I will start this talk by motivating for the differences between CPS-security and cyber-security. To this end, I will show experimental results on non-invasive sensor spoofing attacks targeting the Anti-lock Brake Systems (ABS) in automobiles. As the need for CPS-security becomes evident, I will focus on a problem known as “secure state estimation.” It aims to estimate the state of a dynamical system when an adversary arbitrarily corrupts a subset of its sensors. Although of critical importance, this problem is NP-hard and combinatorial in nature since the subset of attacked sensors in unknown. I will show that the “secure state estimation” is a special case of a larger class of logic formulas, termed Satisfiability Modulo Convex (SMC) formulas. I will present then a new satisfiability modulo convex procedure that uses a lazy combination of Boolean satisfiability solving and convex programming to provide a satisfying assignment or determine that the formula is unsatisfiable. I will finish by showing, through multiple experimental and simulation results that SMC solvers outperform other techniques when used to solve the secure state estimation problem.
Yasser Shoukry is a Postdoctoral Scholar at the EECS Department at UC Berkeley, the EE Department at UCLA, and the ESE Department at UPenn. He received the Ph.D. in Electrical Engineering from the University of California at Los Angeles in 2015. Before joining UCLA, he spent four years as an R&D engineer in the industry of automotive embedded systems. His research interests include the design and implementation of secure- and privacy- aware cyber-physical systems and Internet of Things by drawing on tools from formal methods, embedded systems, control theory, and optimization theory.
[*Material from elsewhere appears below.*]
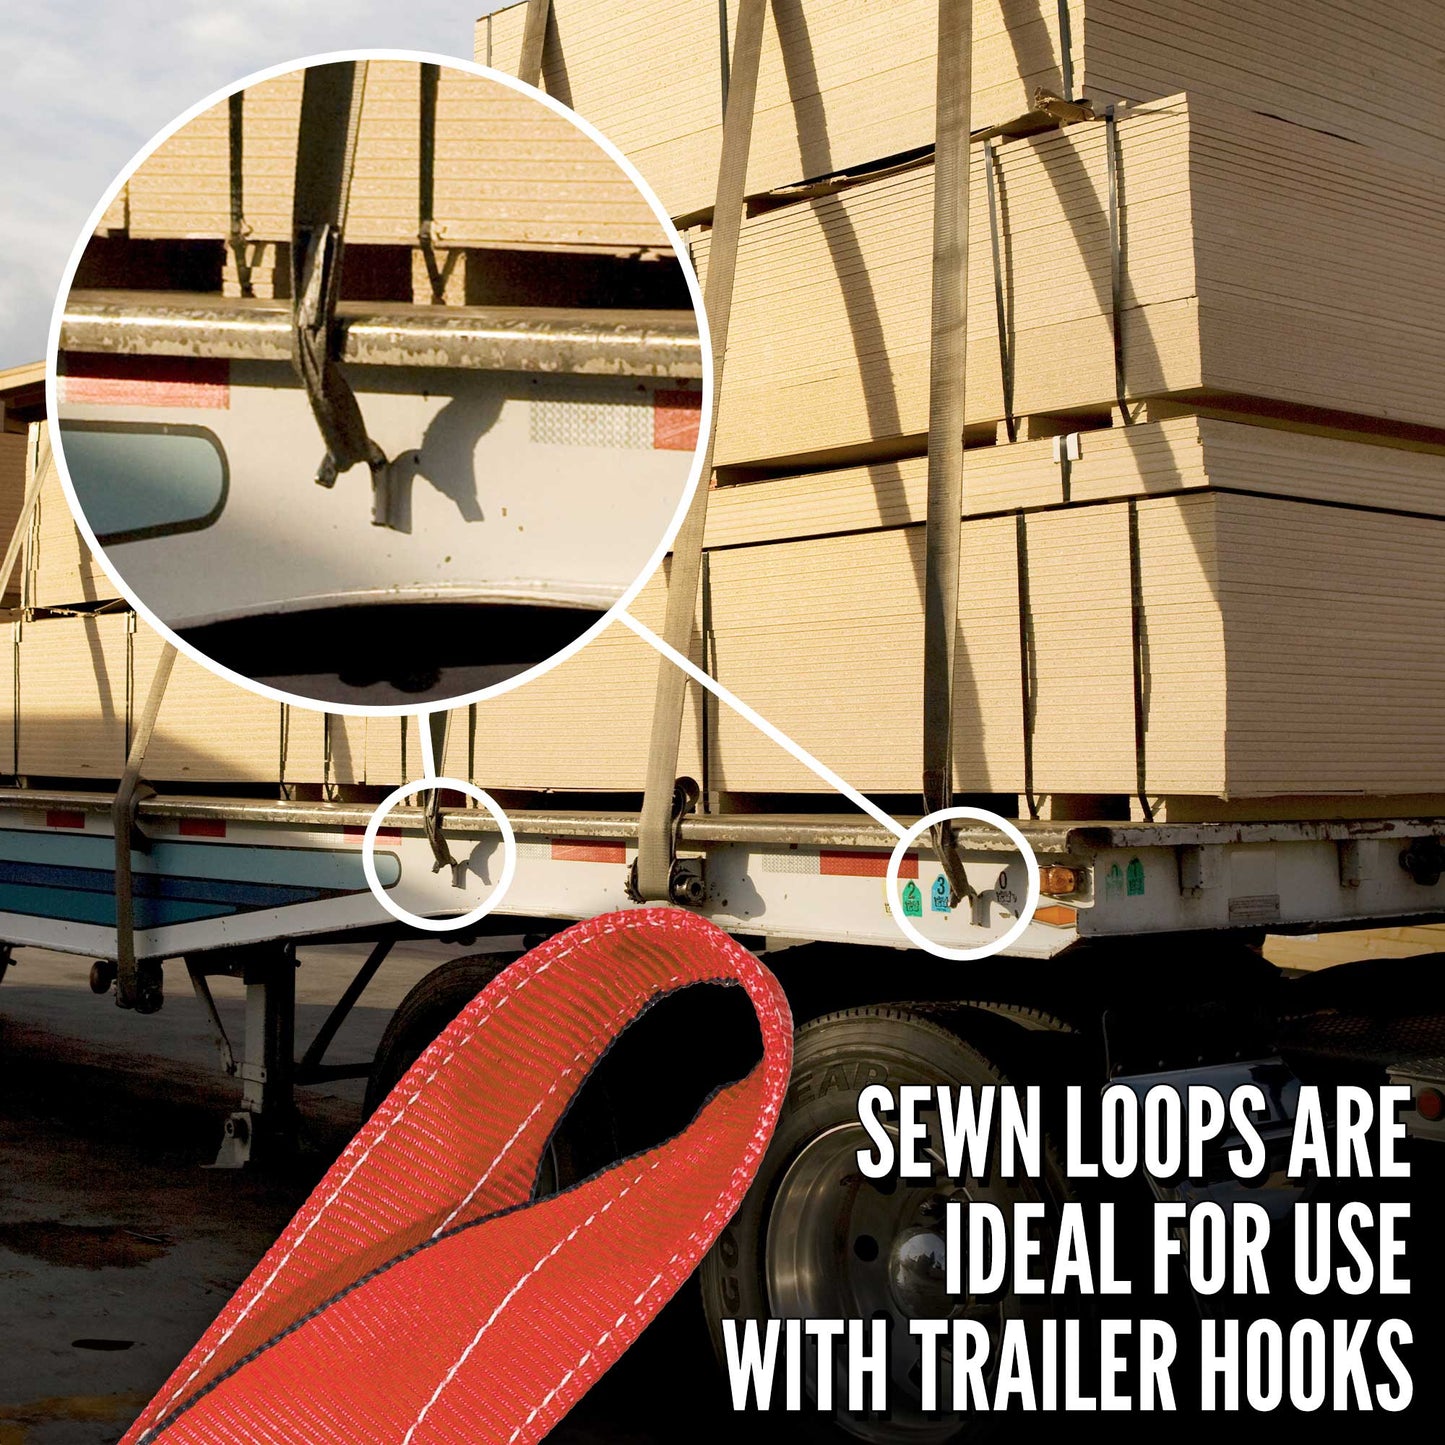 sewn loop straps are ideal for use with trailer hooks

Dr. Shoukry is the recipient of the Best Paper Award from the International Conference on Cyber-Physical Systems (ICCPS) in 2016. He is also the recipient of the UCLA EE Distinguished Ph.D. Dissertation Award in 2016, the UCLA Chancellors prize in 2011 and 2012, UCLA EE Graduate Division Fellowship in 2011 and 2012, and the UCLA EE Preliminary Exam Fellowship in 2012. In 2015, Dr. Shoukry led the UCLA/Caltech/CMU team to win the first place in the NSF Early Career Investigators (NSF-ECI) research challenge. His team represented the NSF-ECI in the NIST Global Cities Technology Challenge, an initiative designed to advance the deployment of Internet of Things (IoT) technologies within a smart city.